Itu yang dilakukan oleh Singapura juga Thailand dengan agresif memanfaatkan euforia masyarakat global terhadap hiburan dan pertunjukan. Singapura berhasil menarik para performer kelas dunia seperti Coldplay dan Taylor Swift untuk menggelar konser di negeri kecil itu hingga enam hari berturut-turut.
Upaya Singapura dipastikan untuk menarik devisa dari penggemar band dan penyanyi Amerika tersebut dari negara-negara tetangga termasuk Indonesia.
Thailand juga tak mau kalah dengan berhasil meyakinkan Coldplay menggelar konser dua hari di sana, memberi peluang bagi kedatangan turis asing dari Asia yang belum memiliki kesempatan menonton di negerinya sendiri.

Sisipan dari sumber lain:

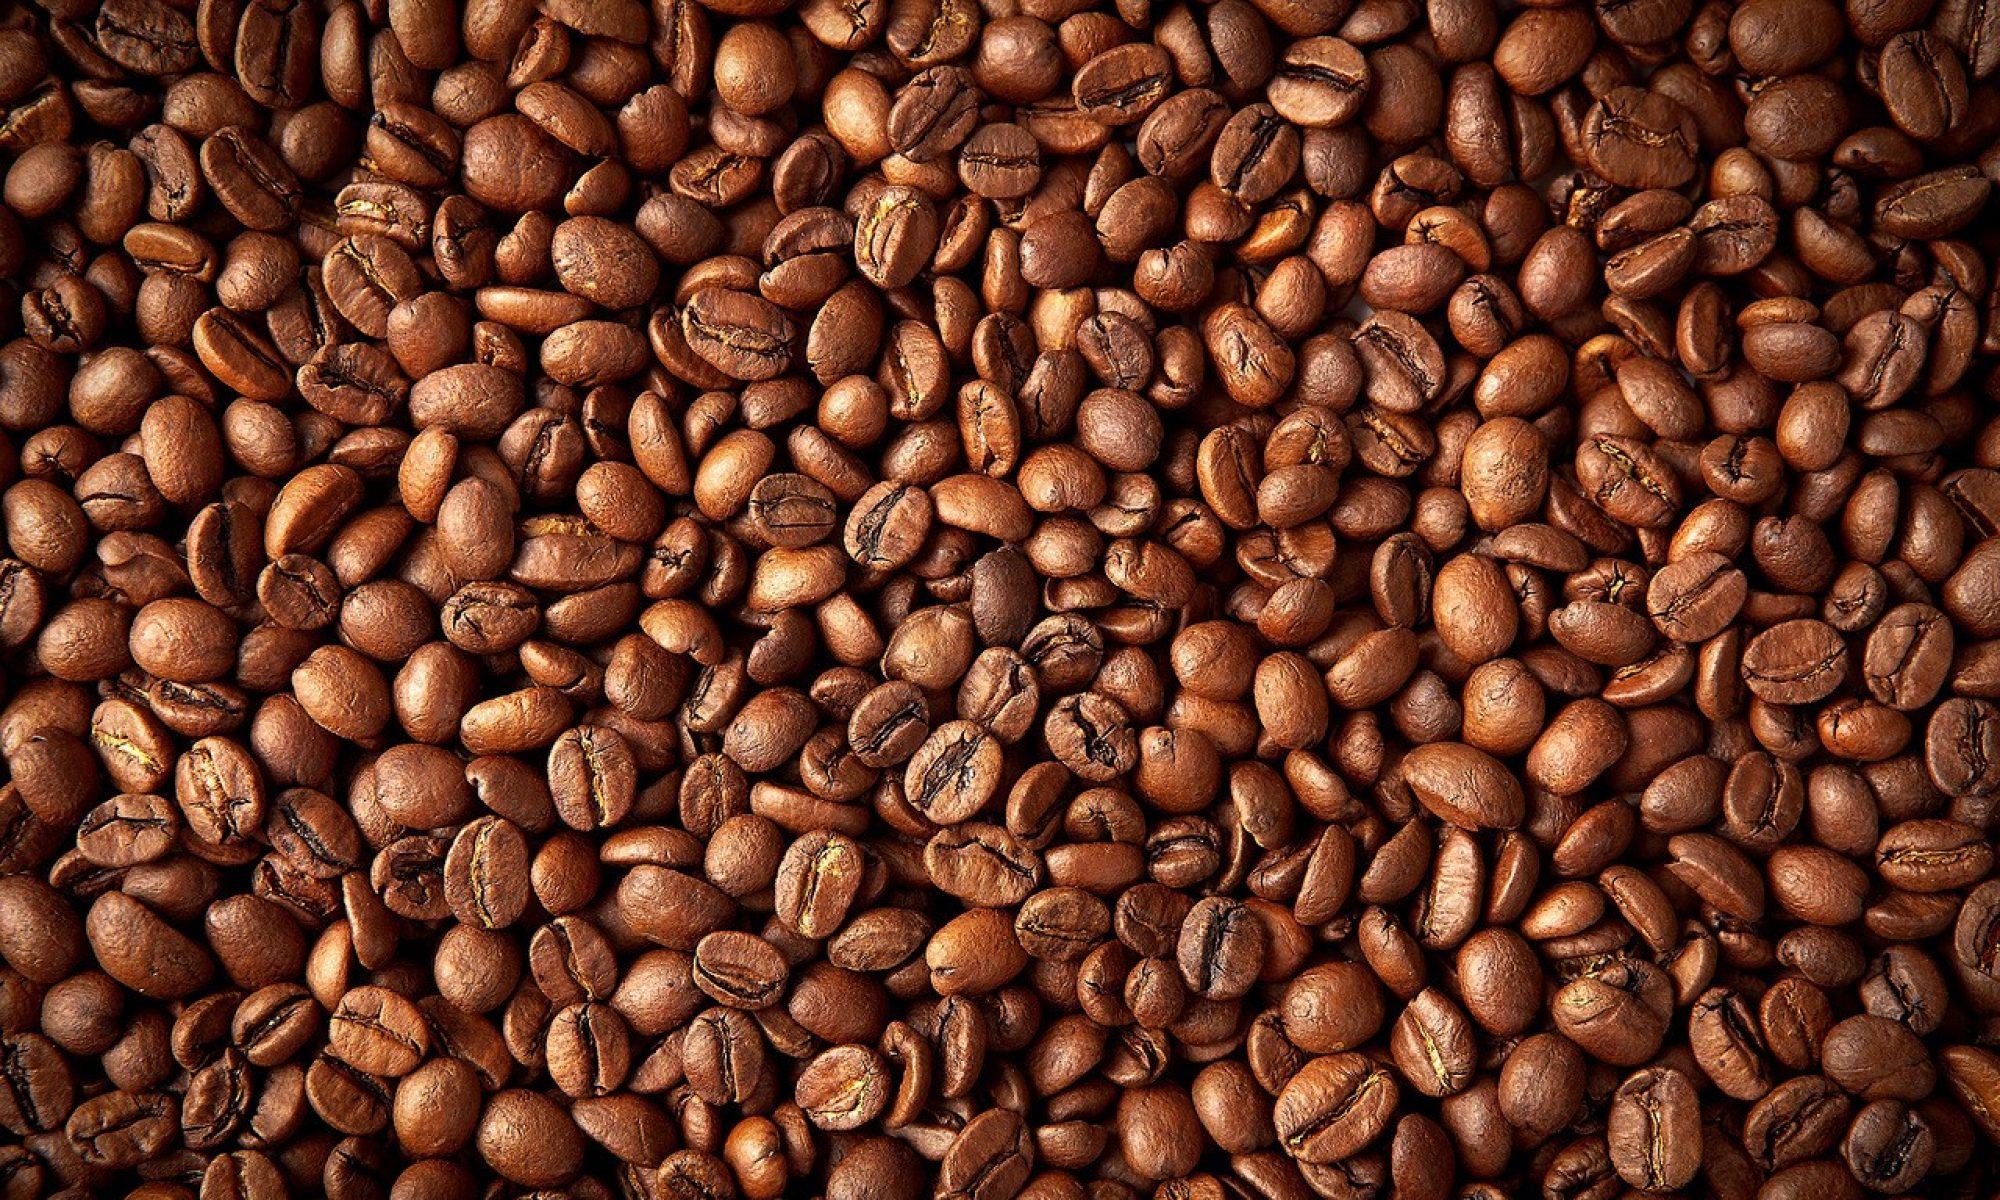 Diacoffee

Di saat yang sama, Indonesia terlihat belum berhasil mengoptimalkan hype dan euforia masyarakat yang haus hiburan pascapandemi. Meski Kementerian Pariwisata dan Industri Kreatif mengklaim telah melakukan berbagai upaya dan insentif agar bisnis hiburan dan pertunjukan semakin bersemangat menggelar event, sejauh ini hal tersebut masih belum menuai hasil signifikan.
Coldplay hanya tampil sehari di Indonesia dan Taylor Swift enggan mampir menggelar konser di negeri ini.
Bahkan, Indonesia justru mengeluarkan kebijakan-kebijakan yang dikhawatirkan bisa memperberat stabilitas transaksi berjalan dan pada akhirnya menghantui nilai tukar rupiah. Salah satunya adalah pencabutan kebijakan bebas visa bagi 159 negara yang efektif diberlakukan Juni lalu. Kebijakan itu dicemaskan bisa memperlebar defisit neraca dagang jasa Indonesia dan pada akhirnya bisa menyeret rupiah.
Pada kuartal I-2023 lalu, defisit neraca perdagangan jasa Indonesia tercatat sebesar US$ 4,6 miliar, sedikit lebih rendah dibanding kuartal sebelumnya US$ 5,5 miliar. Namun lebih dalam dibandingkan kuartal I-2022 sebesar US$ 4,4 miliar, menurut laporan Bank Indonesia.
Penurunan defisit secara kuartalan itu, menurut bank sentral ditopang oleh kinerja jasa perjalanan (travel) yang terus menguat seiring dengan mobilitas yang meningkat dan dampak positif dari pembukaan ekonomi Tiongkok sehingga mendorong kenaikan kunjungan wisatawan mancanegara.
Namun, kini dengan penghentian visa bebas kunjungan, ada potensi penurunan kinerja yang bisa berimbas pada semakin lebarnya defisit neraca dagang jasa.
"Keputusan menghentikan bebas visa kecuali untuk ASEAN tersebut akan memperlebar defisit neraca dagang jasa Indonesia, yang selanjutnya bermuara pada kenaikan defisit neraca berjalan. Situasi ini bisa membuat volatilitas pergerakan USD/IDR semakin berkepanjangan," komentar Lionel Prayadi, Macro Strategist Samuel Sekuritas.